■ **Provided records**
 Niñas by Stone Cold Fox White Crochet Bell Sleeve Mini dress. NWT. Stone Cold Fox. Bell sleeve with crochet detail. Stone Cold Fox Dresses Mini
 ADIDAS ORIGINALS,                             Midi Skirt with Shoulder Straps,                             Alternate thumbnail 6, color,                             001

--

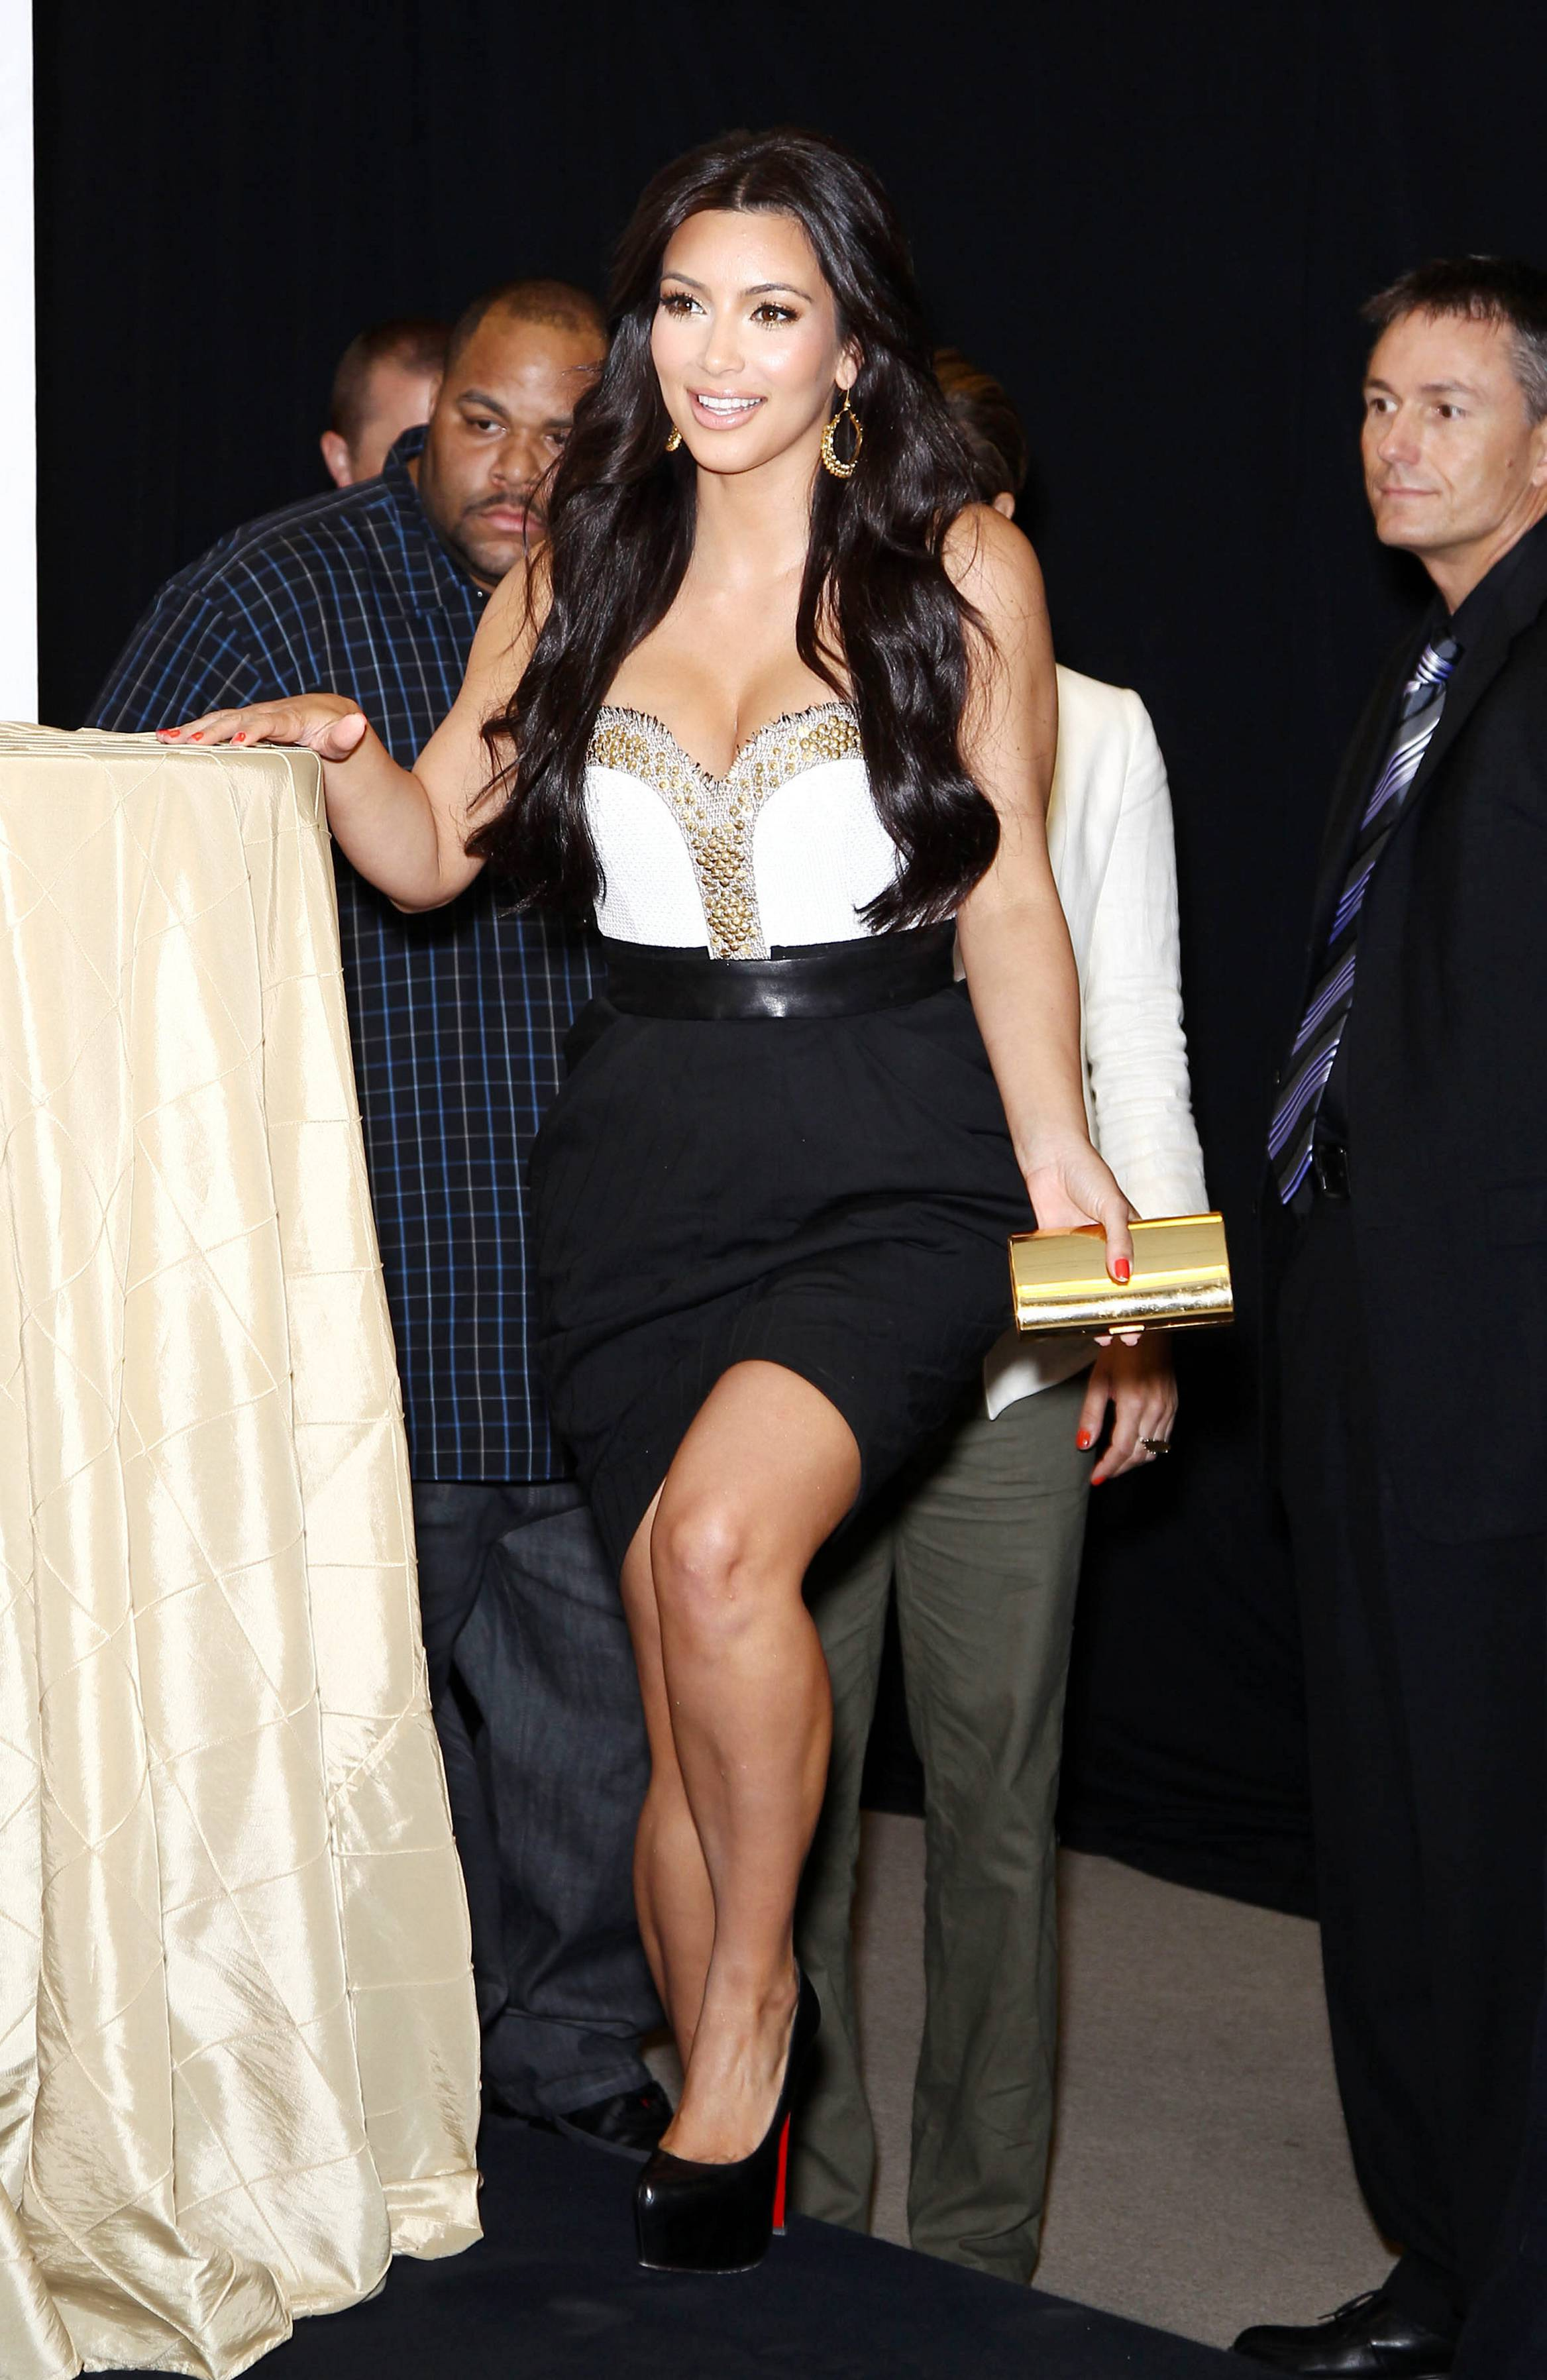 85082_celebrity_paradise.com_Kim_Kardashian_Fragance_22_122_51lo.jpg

■ **Work to complete**
Reproduce word for word the material above, beginning with the line that contains "Niñas by Stone" and ending with the line that contains "Midi Skirt with".

■ **Your solution**
 Niñas by Stone Cold Fox White Crochet Bell Sleeve Mini dress. NWT. Stone Cold Fox. Bell sleeve with crochet detail. Stone Cold Fox Dresses Mini
 ADIDAS ORIGINALS,                             Midi Skirt with Shoulder Straps,                             Alternate thumbnail 6, color,                             001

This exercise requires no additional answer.